Climate data for Sanatoga, Pennsylvania (Heritage Field Airport) 1991–2020 normals, extremes 1999–present
| Month | Jan | Feb | Mar | Apr | May | Jun | Jul | Aug | Sep | Oct | Nov | Dec | Year |
| Record high °F (°C) | 71 (22) | 78 (26) | 82 (28) | 92 (33) | 94 (34) | 98 (37) | 105 (41) | 101 (38) | 98 (37) | 91 (33) | 80 (27) | 73 (23) | 105 (41) |
| Mean daily maximum °F (°C) | 37.4 (3.0) | 40.4 (4.7) | 49.1 (9.5) | 61.3 (16.3) | 71.0 (21.7) | 79.3 (26.3) | 83.8 (28.8) | 81.5 (27.5) | 74.6 (23.7) | 63.3 (17.4) | 52.4 (11.3) | 42.1 (5.6) | 61.4 (16.3) |
| Daily mean °F (°C) | 29.7 (−1.3) | 31.9 (−0.1) | 39.8 (4.3) | 50.7 (10.4) | 60.4 (15.8) | 69.1 (20.6) | 74.0 (23.3) | 71.9 (22.2) | 64.7 (18.2) | 53.3 (11.8) | 43.0 (6.1) | 34.4 (1.3) | 51.9 (11.1) |
| Mean daily minimum °F (°C) | 22.0 (−5.6) | 23.4 (−4.8) | 30.4 (−0.9) | 40.0 (4.4) | 49.9 (9.9) | 58.9 (14.9) | 64.2 (17.9) | 62.2 (16.8) | 54.8 (12.7) | 43.3 (6.3) | 33.7 (0.9) | 26.7 (−2.9) | 42.5 (5.8) |
| Record low °F (°C) | −7 (−22) | −2 (−19) | 0 (−18) | 21 (−6) | 30 (−1) | 40 (4) | 48 (9) | 47 (8) | 34 (1) | 25 (−4) | 11 (−12) | 0 (−18) | −7 (−22) |
| Average precipitation inches (mm) | 3.02 (77) | 2.56 (65) | 4.07 (103) | 3.64 (92) | 3.69 (94) | 3.84 (98) | 4.72 (120) | 4.38 (111) | 4.83 (123) | 3.81 (97) | 3.02 (77) | 3.76 (96) | 45.34 (1,152) |
| Average precipitation days (≥ 0.01 in) | 10.4 | 10.4 | 11.1 | 12.5 | 12.7 | 12.6 | 11.6 | 12.3 | 11.8 | 11.6 | 9.2 | 11.2 | 137.4 |
Source: NOAA

==Demographics==

At the 2000 census there were 7,734 people, 2,734 households, and 2,058 families living in the CDP. The population density was 2,265.7 PD/sqmi.

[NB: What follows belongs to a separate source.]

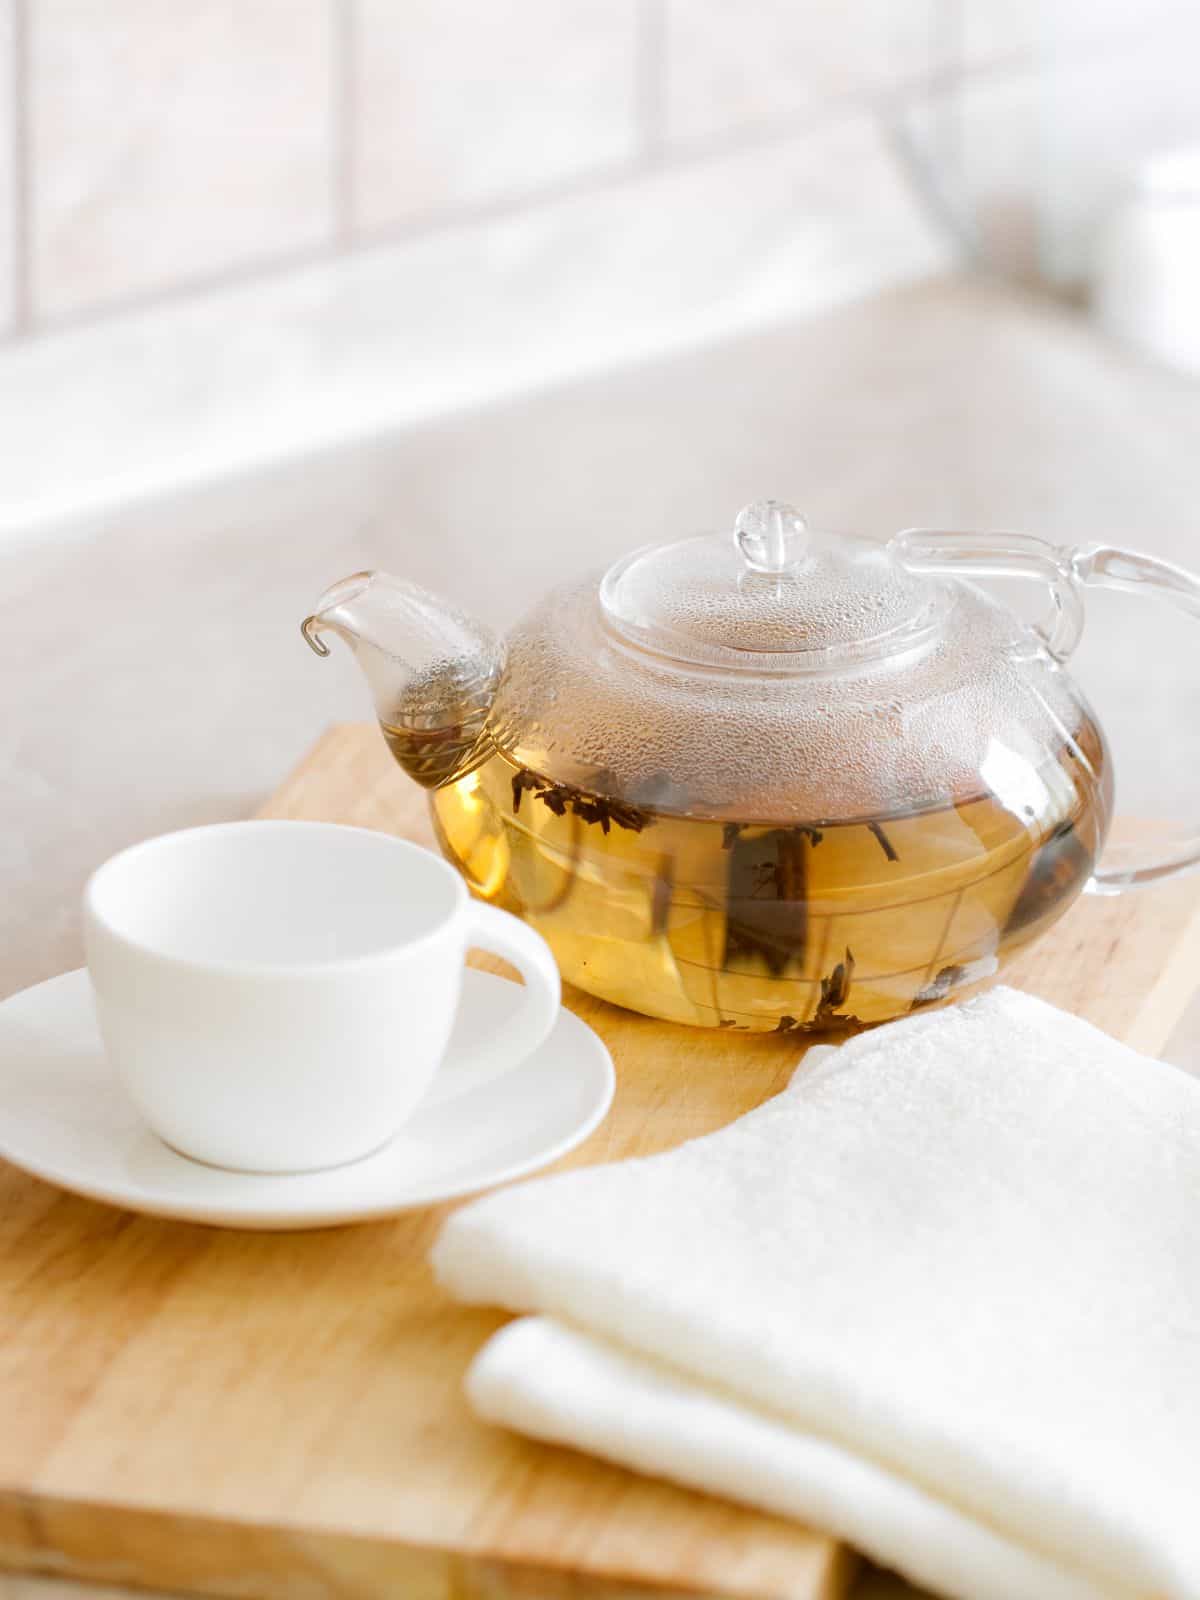 A clear glass tea kettle with light colored tea in it next to a white teacup on a light wood cutting board and napkin

There were 2,811 housing units at an average density of 823.5 /sqmi. The racial makeup of the CDP was 85.60% White, 11.46% African American, 0.14% Native American, 0.92% Asian, 0.04% Pacific Islander, 0.32% from other races, and 1.53% from two or more races. Hispanic or Latino of any race were 1.51%.

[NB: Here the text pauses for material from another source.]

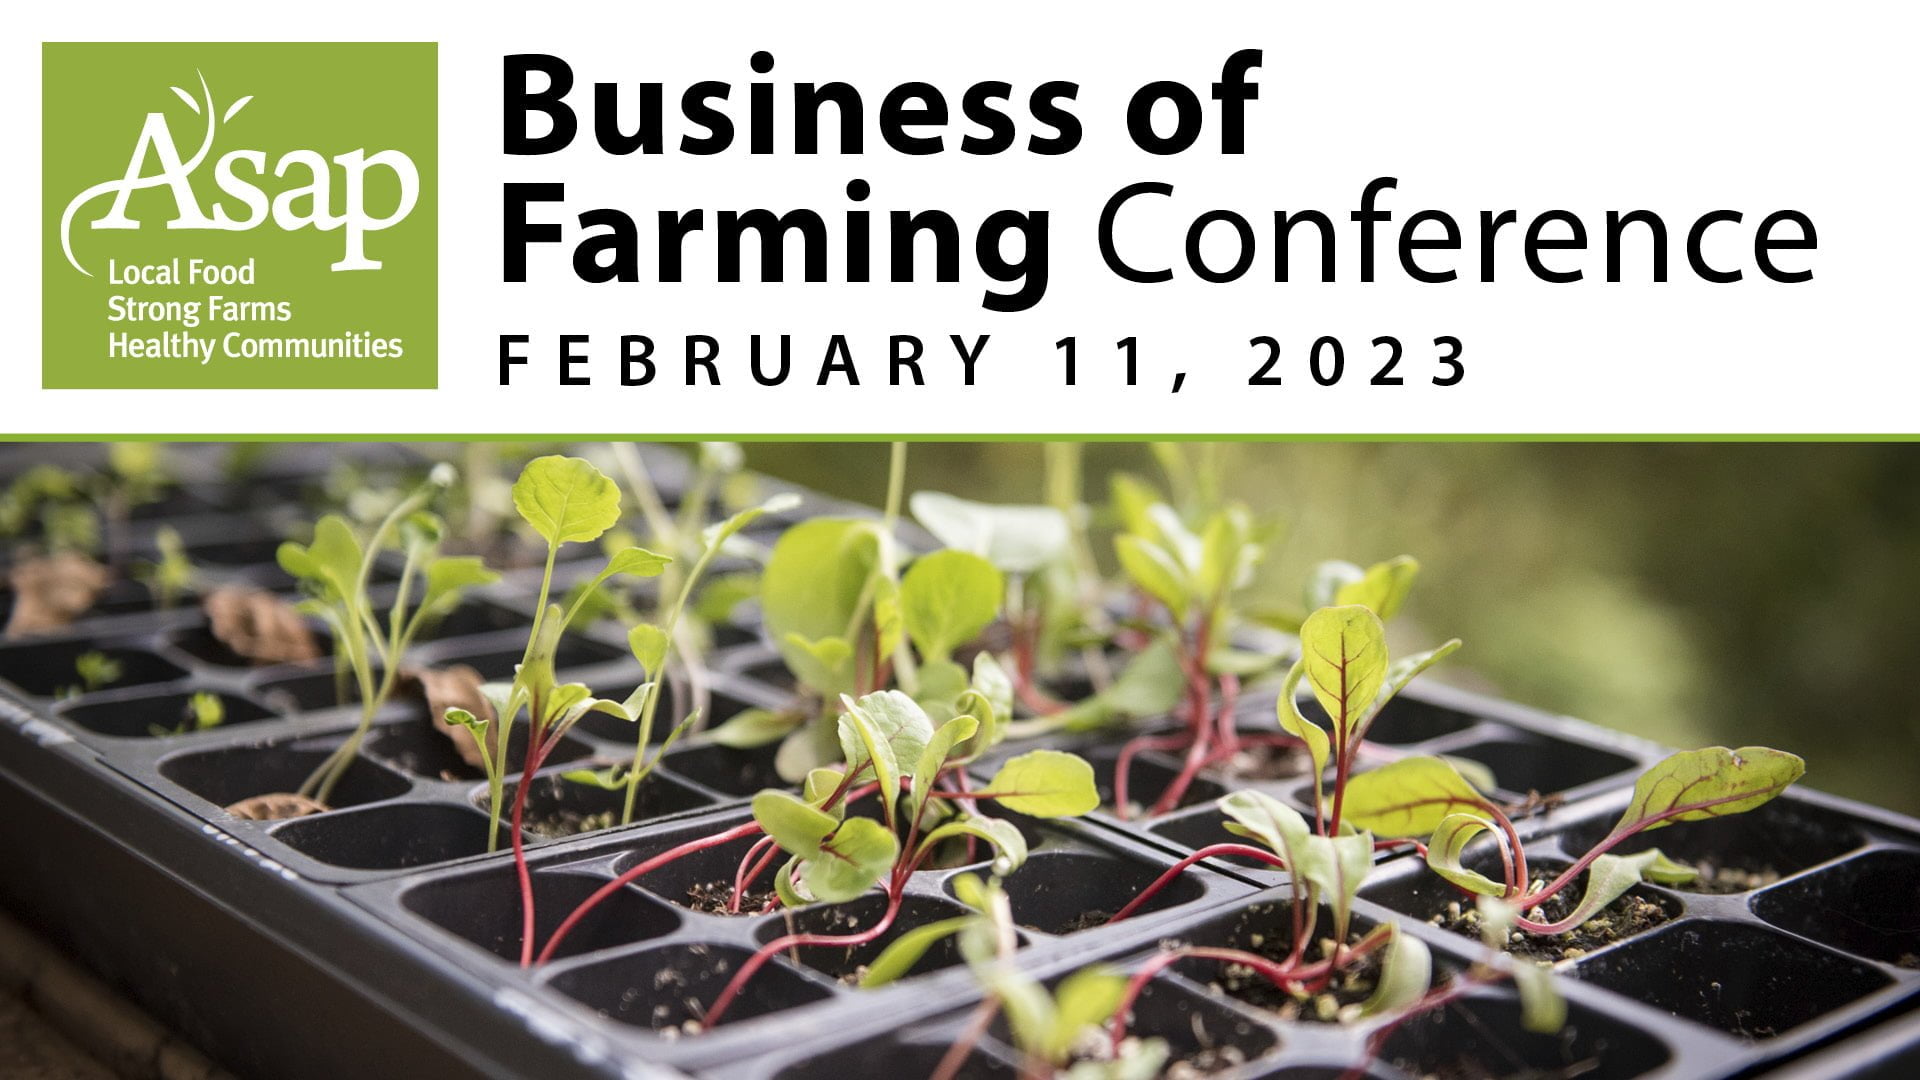 Business of Farming Conference, Feb. 11, 2023

There were 2,734 households, 42.8% had children under the age of 18 living with them, 57.9% were married couples living together, 13.8% had a female householder with no husband present, and 24.7% were non-families. 20.2% of households were made up of individuals, and 8.2% were one person aged 65 or older. The average household size was 2.76 and the average family size was 3.20.

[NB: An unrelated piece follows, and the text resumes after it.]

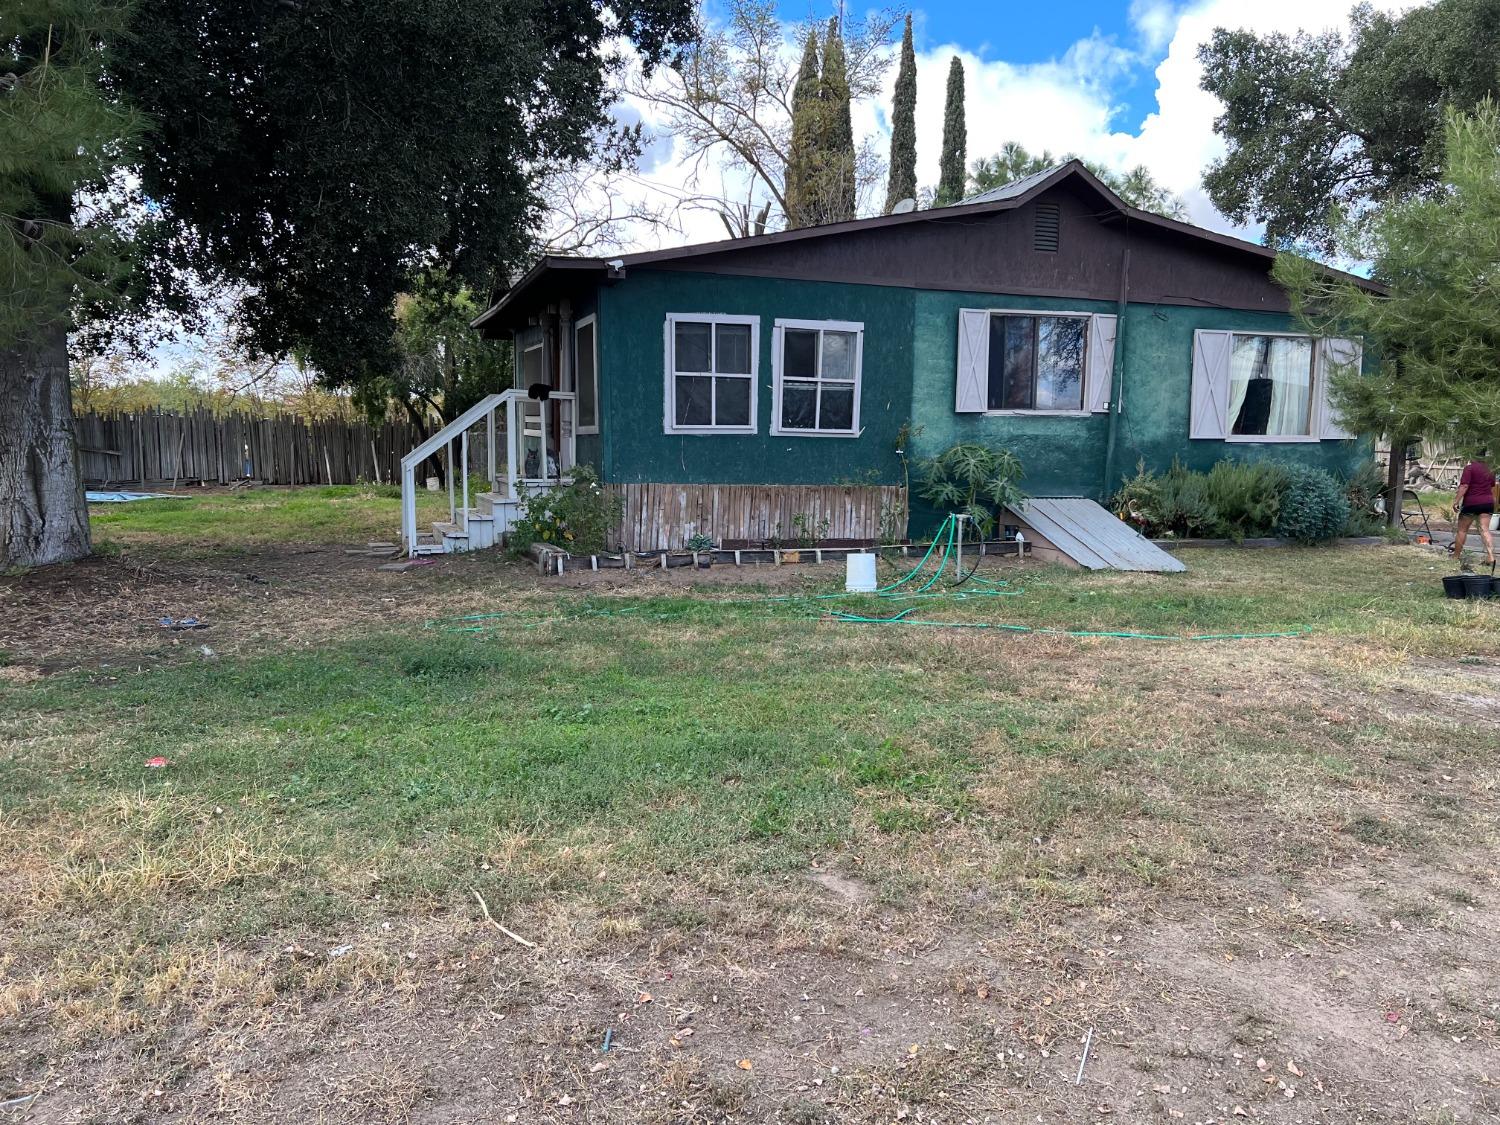 Photo of 10854 White Crane Rd in Atwater, CA

The age distribution was 30.8% under the age of 18, 6.4% from 18 to 24, 32.9% from 25 to 44, 18.9% from 45 to 64, and 11.0% 65 or older. The median age was 34 years. For every 100 females, there were 90.9 males. For every 100 females age 18 and over, there were 84.3 males.

The median household income was $48,765 and the median family income was $55,559. Males had a median income of $44,605 versus $31,727 for females. The per capita income for the CDP was $20,816. About 9.8% of families and 10.4% of the population were below the poverty line, including 16.5% of those under age 18 and 8.9% of those age 65 or over.

Historical population
| Census | Pop. | Note | %± |
|---|---|---|---|
| 1990 | 5,534 |  | — |
| 2000 | 7,734 |  | 39.8% |
| 2010 | 8,378 |  | 8.3% |
| 2020 | 8,496 |  | 1.4% |

== Education ==
It is in the Pottsgrove School District.